As regards the applicant’s plea alleging infringement of his right to private and family life, the court found that that the applicant did not refer to a personal and close relationship with his uncle, who is a beneficiary of international protection in Luxembourg, which may fall within the scope of Article 8 of the ECHR. The court noted that the applicant’s uncle had submitted a family reunification application for his sister and her six children, including the applicant. This application was first rejected by a ministerial decision on 27 October 2020, and later, following an appeal, by another ministerial decision on 5 February 2021. It also observed that when the applicant arrived in Luxembourg in March 2024, his uncle refused to take responsibility for him.
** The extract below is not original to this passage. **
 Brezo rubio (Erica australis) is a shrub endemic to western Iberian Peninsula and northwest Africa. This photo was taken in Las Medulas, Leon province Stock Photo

The court further noted that the applicant did not mention his uncle or provide any information about their relationship during the interview with the Ministry. His ad hoc administrator merely stated at the end of the hearing that the applicant had come to Luxembourg because his uncle resided there. The court noted that the applicant stated that, although his uncle had refused to take responsibility for him, he still maintained a relationship of trust with him. However, the court found that the applicant did not provide any supporting evidence, such as a testimonial certificate from his uncle. Hence, it concluded that the applicant failed to demonstrate sufficiently real and close links with his uncle that would fall under the scope of Article 8 of the ECHR. As a result, it found no violation of that article.
Finally, regarding the applicant’s plea alleging infringement of the best interests of the child, the court confirmed the assessment that it was in the applicant’s best interests to return to Greece, where he already held international protection. This conclusion was based on several factors: first, no disproportionate harm was caused to the applicant's private and family life, as established in the previous findings regarding Article 8 ECHR; second, it had been concluded that there was no risk of the applicant facing extreme material deprivation of such gravity that it could be equated with inhuman or degrading treatment upon return to Greece; and third, there was no specific evidence submitted to suggest that the applicant could not continue his education in Greece. Thus, the court concluded that it had not been established that the applicant’s best interests would not be safeguarded upon return to Greece, and therefore rejected his plea on this matter as well. Conclusively, the appeal was dismissed as unfounded.